Real-World Use Cases and Case Studies

Use Case 1: Healthcare Documentation Assistant

A hospital network deployed Ollama running Llama 3 70B (Q4) on an air-gapped server with dual A100 GPUs. Doctors dictate notes, and the model generates structured clinical summaries, ICD-10 codes, and referral letters—all without any patient data leaving the premises. The system processes 500 documents per day with a human-in-the-loop review step. Latency averages 3 seconds per document, which is acceptable since the previous manual process took 15-20 minutes per note.

Use Case 2: Code Review Pipeline

A software consultancy integrated llama.cpp into their CI/CD pipeline. On each pull request, a 13B code model reviews the diff, identifies potential bugs, suggests improvements, and checks for security vulnerabilities. Running locally eliminated the $2,000/month API cost they'd been spending on cloud LLMs. The model runs on a dedicated build server with an RTX 4090, processing each PR in under 30 seconds.

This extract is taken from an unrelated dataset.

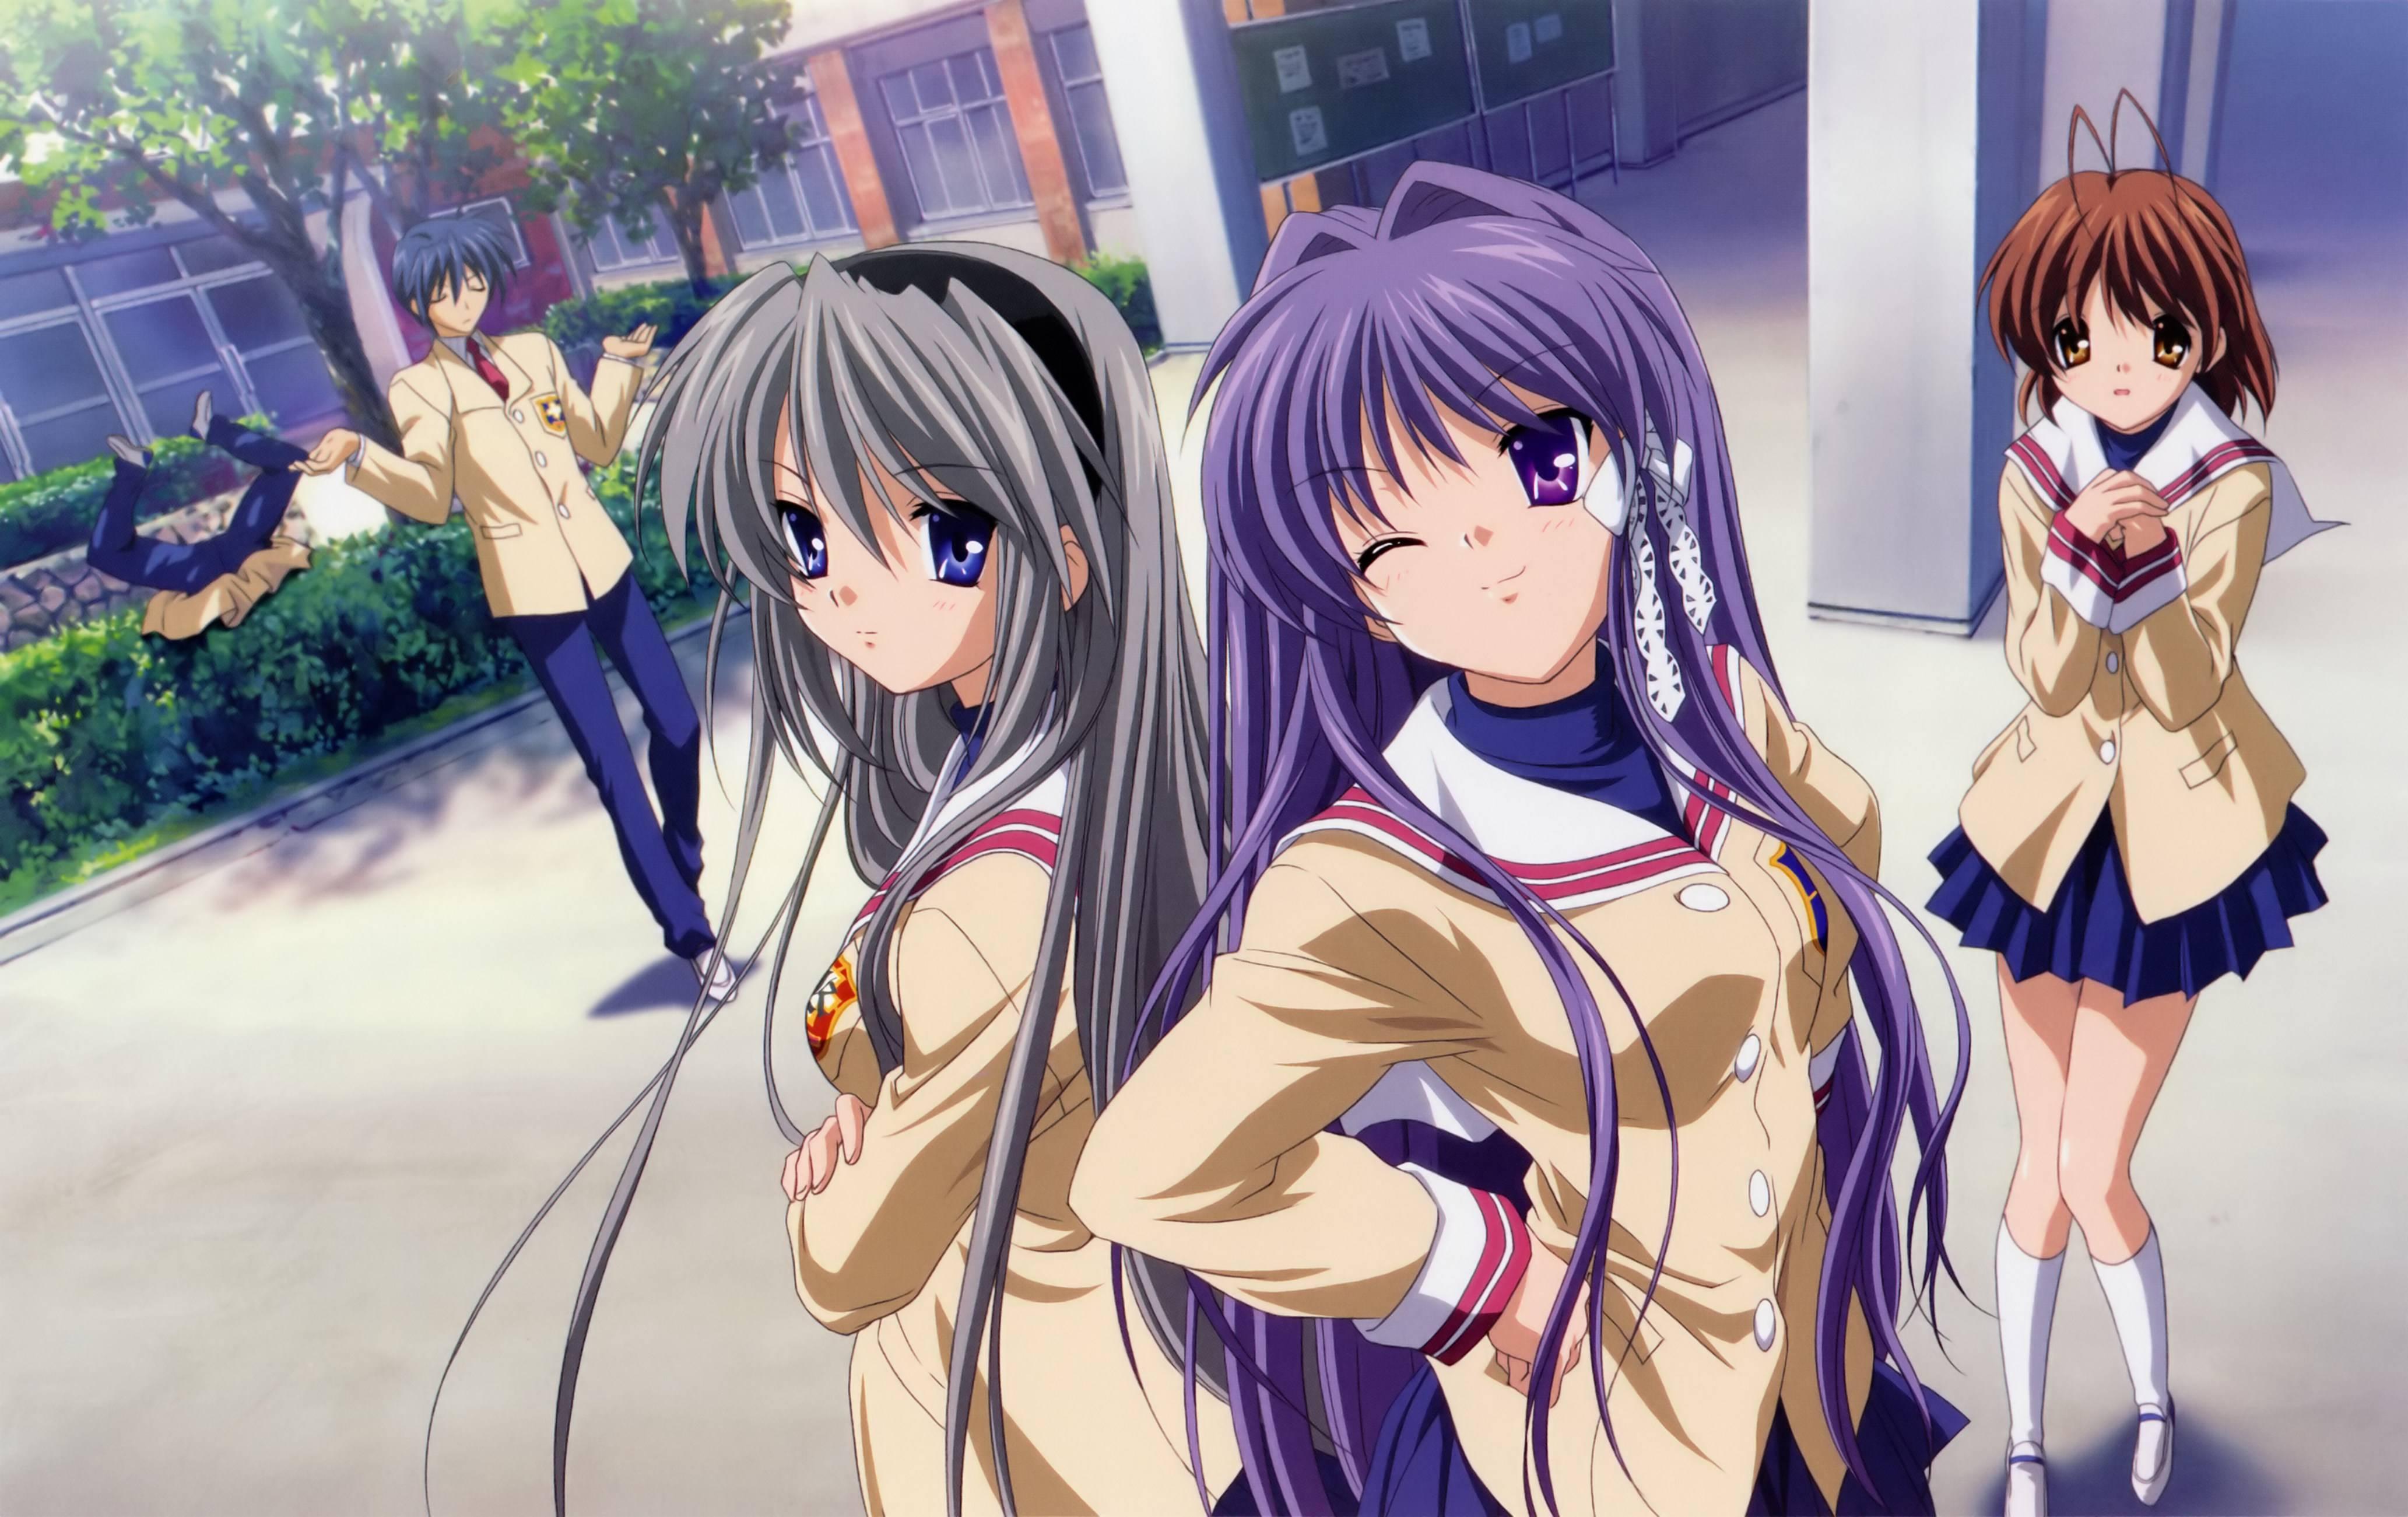 Depressing Saddest anime about school life, Clannad

Use Case 3: Offline Mobile AI

A field service application for oil rig technicians needed AI assistance without reliable internet connectivity. They deployed a 7B model via Ollama on ruggedized laptops with RTX 3060 GPUs. The model answers technical questions, interprets sensor readings, and guides troubleshooting procedures. When connectivity is available, the app syncs conversation logs for quality monitoring and model feedback.

Use Case 4: Multi-Tenant AI Platform

A startup built a multi-tenant AI platform using vLLM with LoRA adapters. Each customer's fine-tuned model is loaded as a lightweight adapter on top of a shared base model. vLLM's LoRA support allows serving hundreds of personalized models with the GPU memory footprint of a single base model. The system handles 1,000 requests per second across all tenants on a 4-GPU server.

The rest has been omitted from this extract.